Date: 22 January 2024
Time: 3-4pm UK Time
Venue: Informatics Forum 1.16 and Zoom
Author/Speaker: Almog Simchon
The Microtargeting Manipulation Machine
In recent years, there has been a growing concern over “psychological microtargeting”, in which psychological features that cannot be directly observed, such as personality characteristics, are inferred from online behaviour and personal data, and are used to customize manipulative messages, for example to provoke political action/inaction or to spread misinformation. Such microtargeting is opaque to online users and its effects, to the extent that they are understood, should give rise to concern. Hence, there is an urgent need to “reverse engineer” microtargeting strategies by uncovering the targeting algorithms in action. This talk presents a proof of concept for such algorithmic reverse engineering. We suggest that the detection of personality-congruent language can inform future interventions to alert users when they might be targeted on the basis of their inferred personality.

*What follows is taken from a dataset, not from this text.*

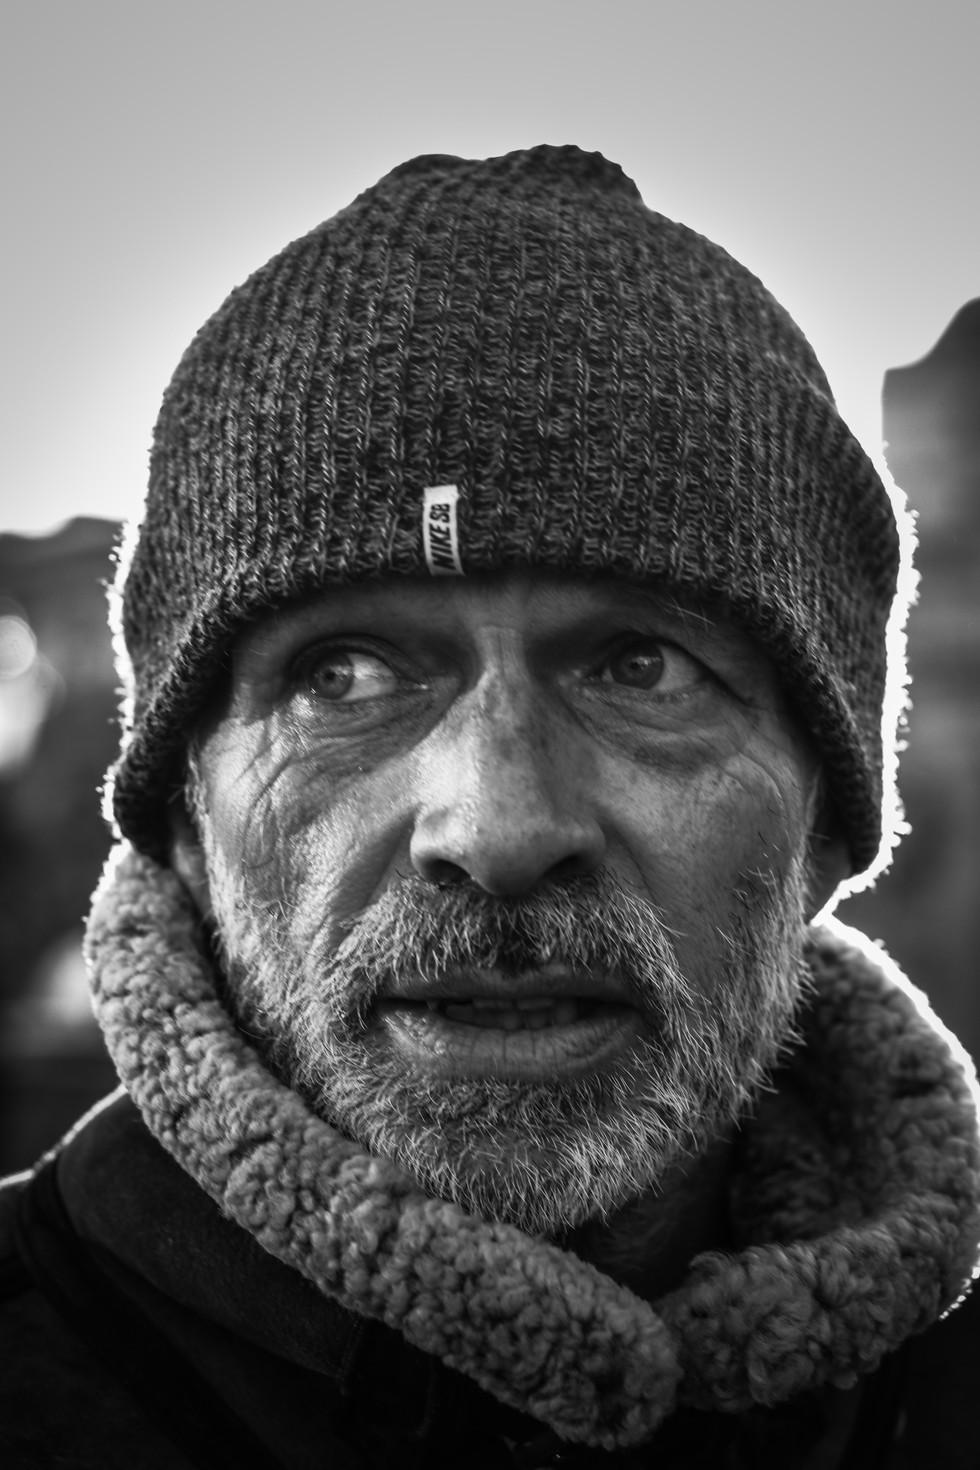 The Homeless Bard

About the Speaker: Almog Simchon is an Assistant Professor in the Department of Psychology at Ben-Gurion University of the Negev. Formerly a Senior Research Associate at the University of Bristol and a member of its Technology Democracy and Cognition (TeDCog) group led by Stephan Lewandowsky. Almog completed his PhD at Ben-Gurion University of the Negev in 2021.
As a computational social psychologist, Almog’s research examines how social media, social psychology, and language interact. His work addresses issues of political polarization, misinformation, and emotion. He studies these issues using a combination of experimental psychology, big data analyses, machine learning, and natural language processing.